На пороге он остановился и обернулся к старому вояке:
– Кстати, не хочется вас огорчать лишний раз, но Север-то победил!
С этими словами он вышел.
Надзиратель сделался похожим на готовый взорваться паровой котел. Балансируя на грани конфедератской гордости над пропастью беспредельной глупости, он пал на колени и горестно возопил: «Не-е-е-т!» Заметавшись среди стен, этот крик вырвался наружу лишь слабым эхом, но Калеб услышал его и, садясь в экипаж, улыбнулся. Он направлялся на другой конец города – в театр «Лицей» для встречи с Гудини.
Хотя от внимательного взгляда Калеба не ускользнула надпись на стене, кое-что важное он все же пропустил. На полу в углу камеры была еще одна надпись – совершенно иного характера, и она-то имела весьма серьезные последствия и для Элизабет, и для Калеба, и для Рузвельта, а также для вашего покорного слуги.
Надпись эта гласила:
«Я не умалишенный! Но я чувствую себя болваном, олухом и тупицей (да в придачу полным дураком). Мне так жаль, малышка Ерд. Прошу, прости меня».

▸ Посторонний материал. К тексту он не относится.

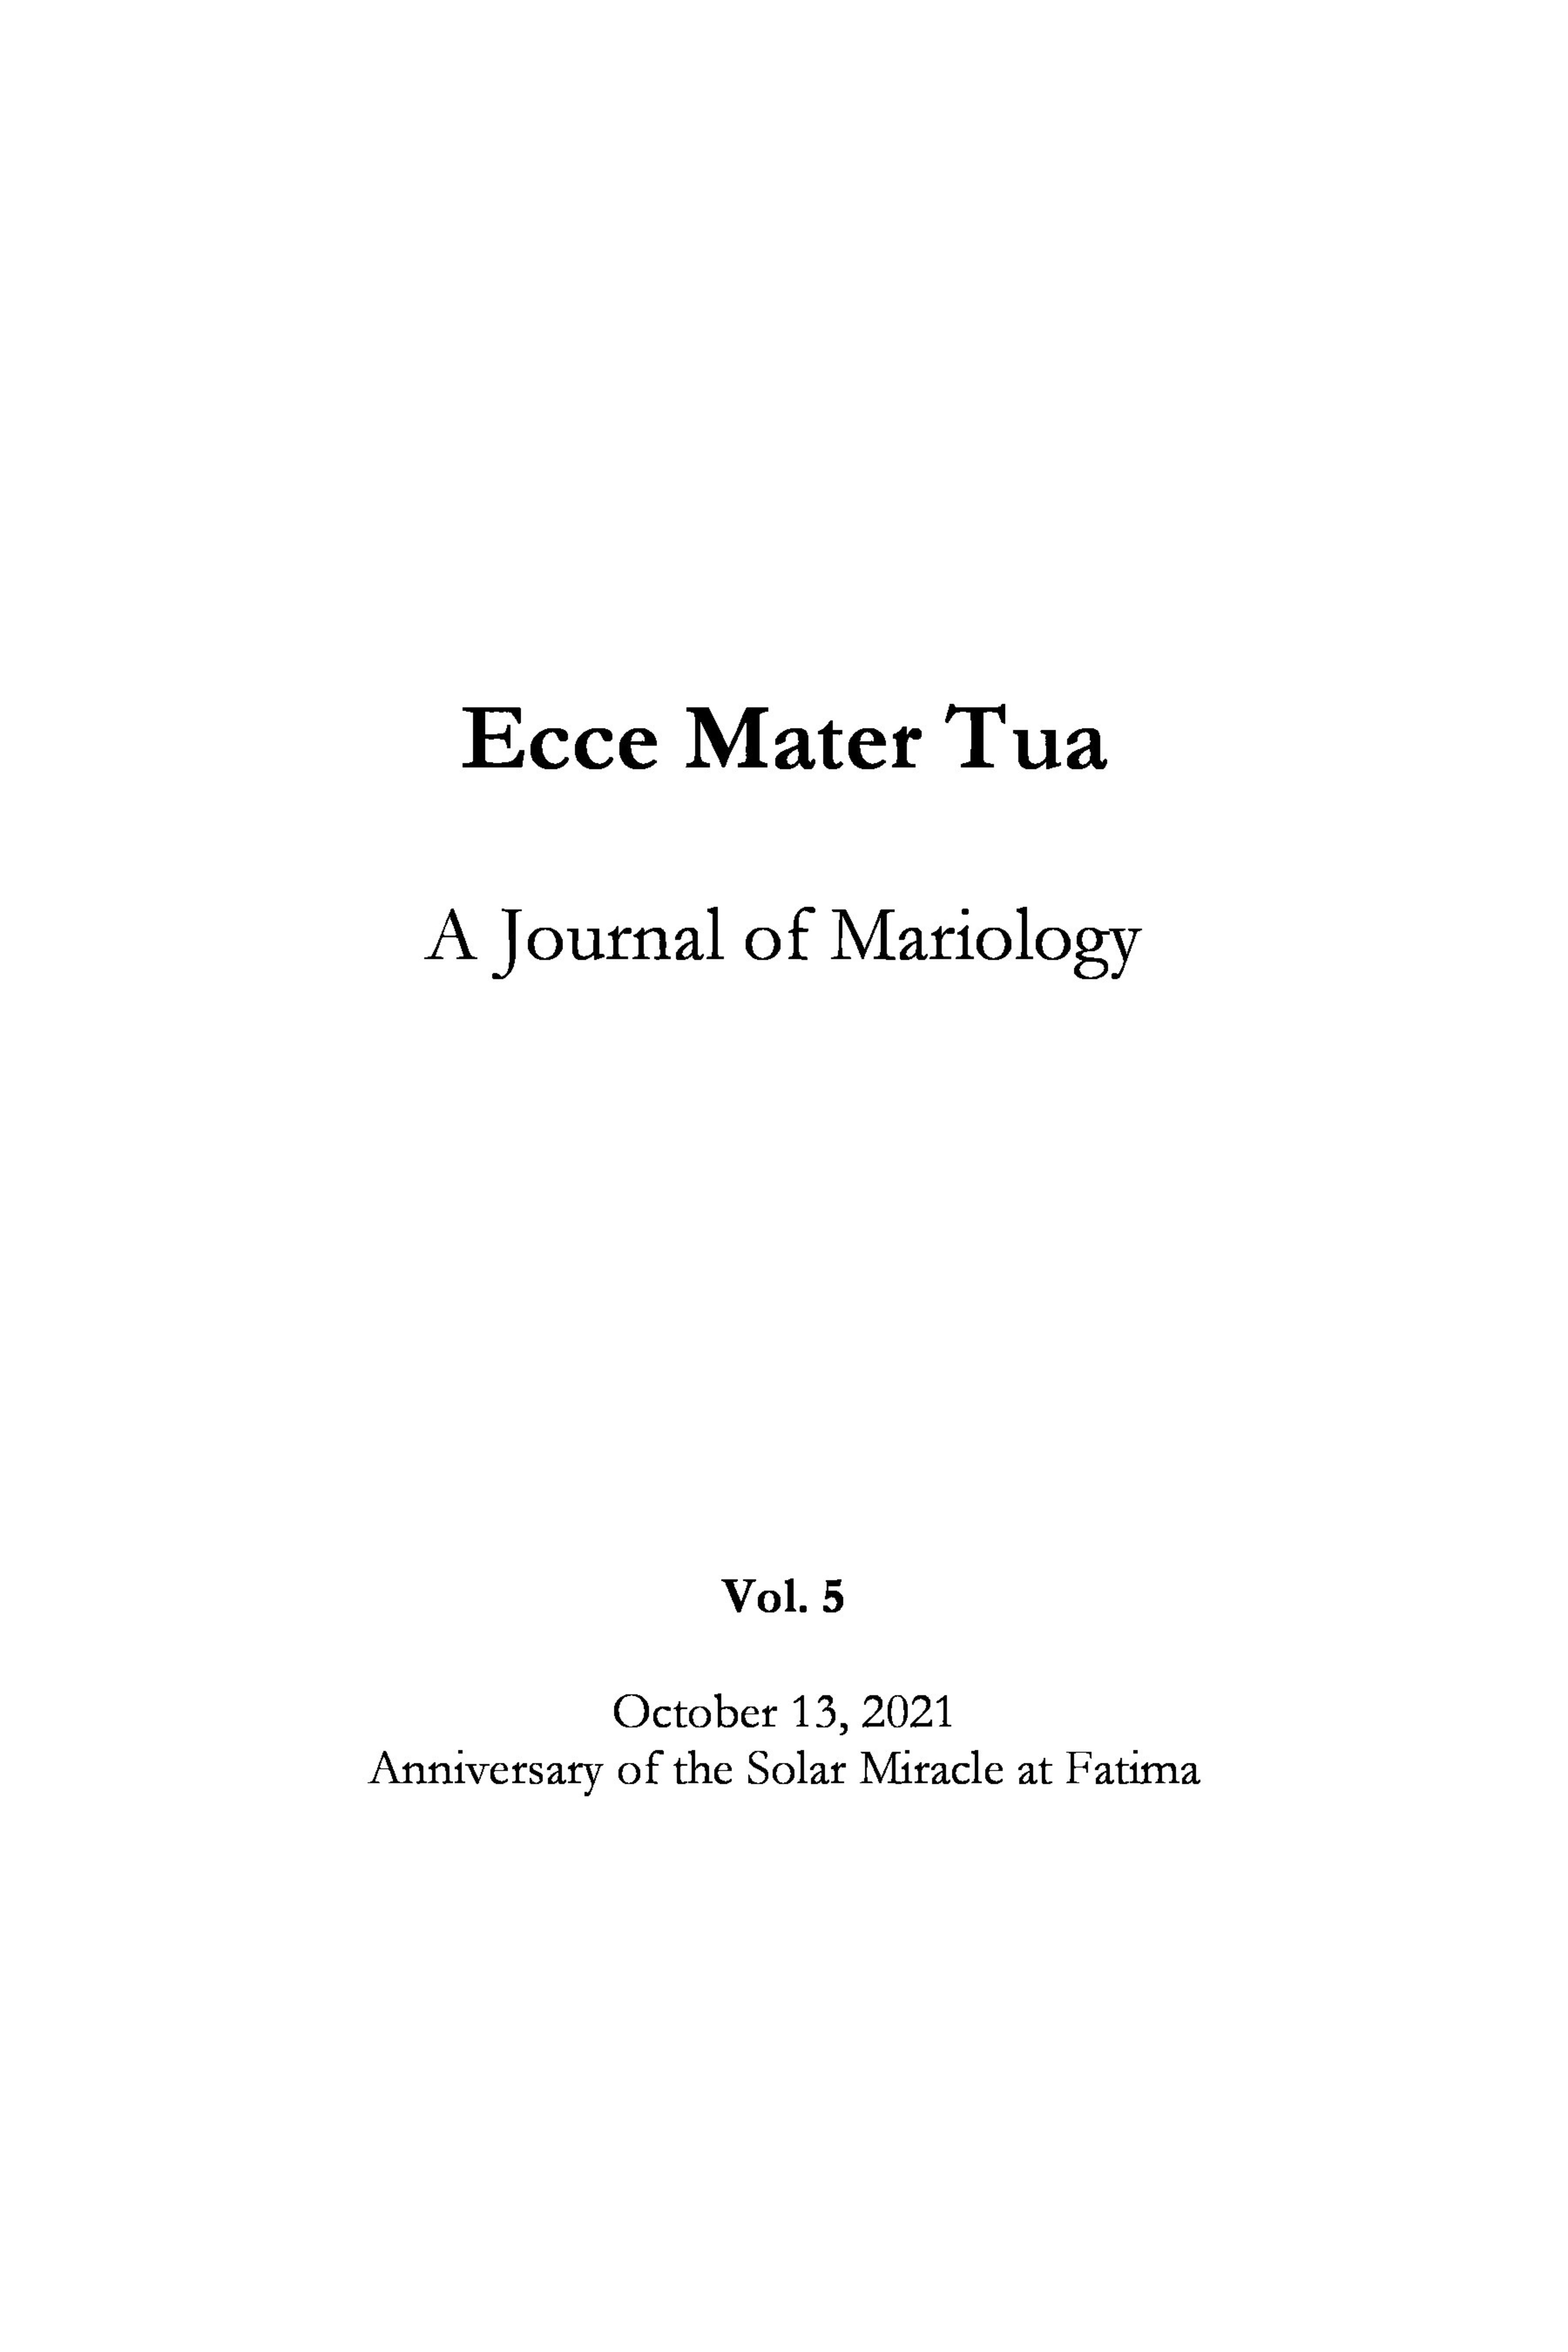 Ecce Mater Tua vol. 5

* * *Готическая пятиэтажка – дом 121 по Восточной Шестьдесят четвертой улице – сегодня одна из самых почитаемых достопримечательностей города. Но раньше, в 1882 году, это был всего лишь один из многих доходных домов, возведенных в фешенебельном квартале между Лексингтон и Парк-авеню. Хотя заморские витражи и островерхая крыша придавали ему сходство с церковью и тем самым отличали от прочих зданий, более ничем иным дом не выделялся.
Тем не менее у этого здания есть любопытная история, которая заслуживает, чтобы о ней здесь рассказать. Некоторое время дом служил пристанищем знаменитого застройщика Роберта Мозеса,[45] который прославился следующим утверждением: «Чтобы афроамериканцы не пользовались общественными бассейнами в «белых» районах, нужно сделать температуру воды ПО-НАСТОЯЩЕМУ НИЗКОЙ».[46]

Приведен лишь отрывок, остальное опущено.